Comparative anti-inflammatory characterization of selected fungal and plant water soluble polysaccharides
Bibliographic record
Abstract
β-Linked water soluble polysaccharides are important bioactive components of mushrooms and plants, they possess various biological activities, such as anti-inflammation, immunomodulation, anti-tumor and others. This study aimed to examine the comparative anti-inflammatory effects of five different β-linked water soluble polysaccharides from fungi and plants [i.e. Xylaria nigripes (XN), Grifola frondosa (GF), Lentinula lentodes (Len), Laminaria digitata (Lam) and Hordeum vulgare (BG)] in lipopolysaccharides-stimulated RAW264.7 macrophages. Although the selected five polysaccharides showed different potencies in anti-inflammatory activity, XN exhibited the strongest inhibitory effects on NO, TNF-α and IL-6 production, and iNOS and COX-2 expression, whereas the inhibitory activity of BG was the weakest.

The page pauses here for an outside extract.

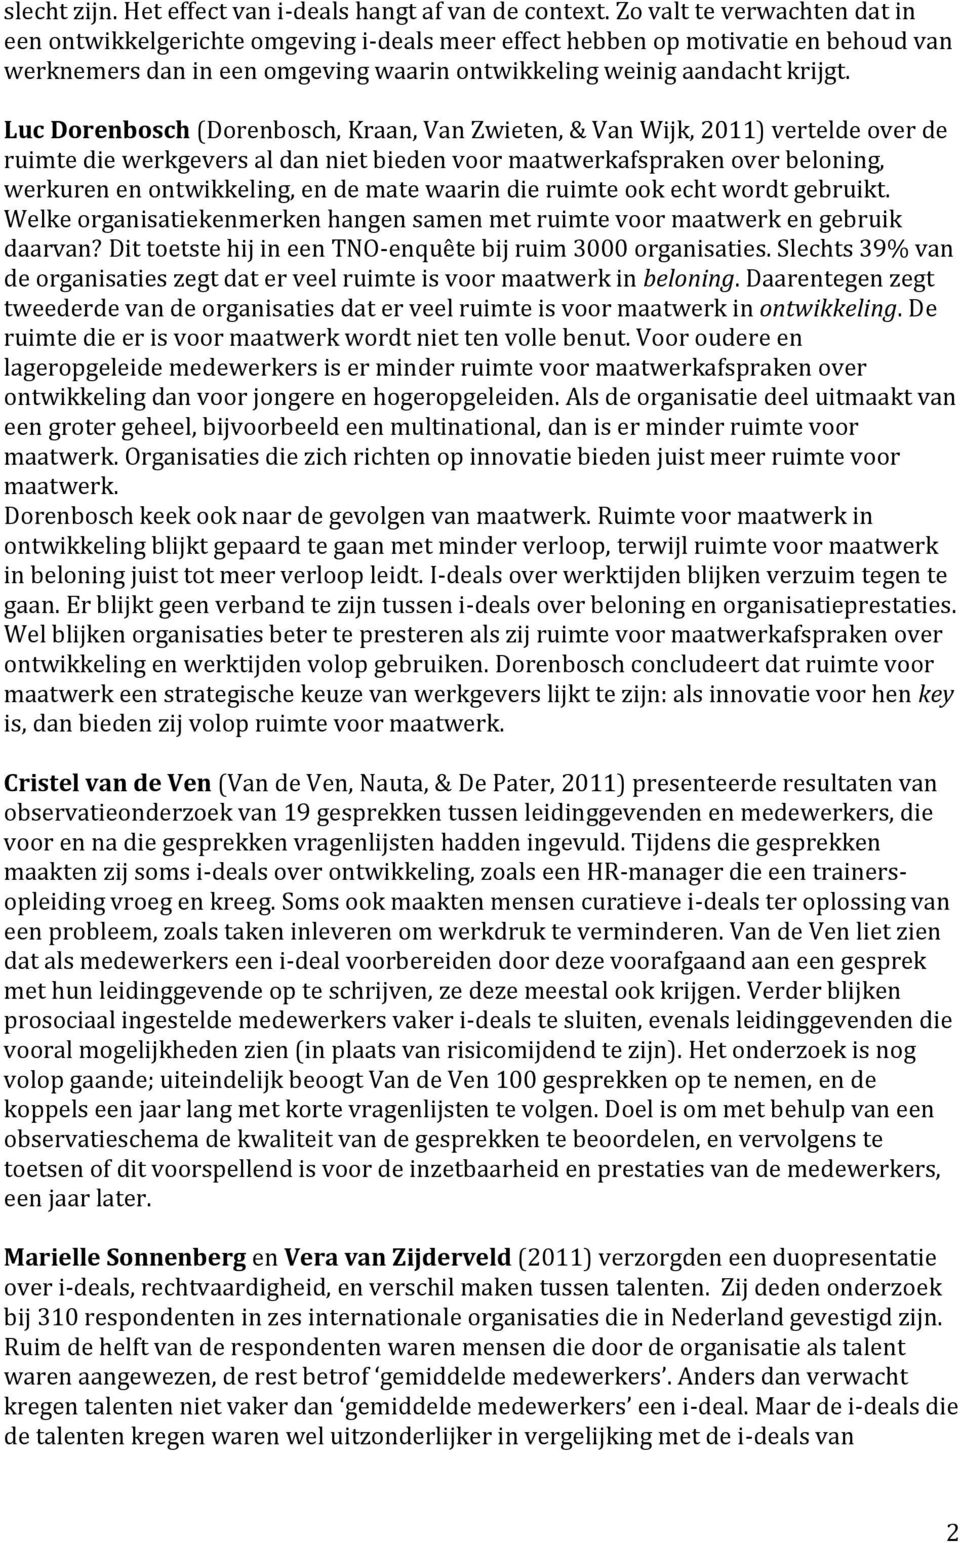 Luc Dorenbosch (Dorenbosch, Kraan, Van Zwieten, & Van Wijk, 2011) vertelde over de ruimte die werkgevers al dan niet bieden voor maatwerkafspraken over beloning, werkuren en ontwikkeling, en de mate

Among the polysaccharides with β-(1→3, 1→6) glucose linkages and triple-helix structures, the inhibition of GF and Len on TNF-α and IL-6 production was weaker than XN and Lam. This study concludes that the monosaccharide composition, glycosidic linkage and tertiary conformation were the main factors affecting the anti-inflammatory activity of polysaccharides, and polysaccharides with β-(1→3, 1→6) glycosidic linkages possessed stronger anti-inflammatory activity than β-(1→3, 1→4)-linked polysaccharides.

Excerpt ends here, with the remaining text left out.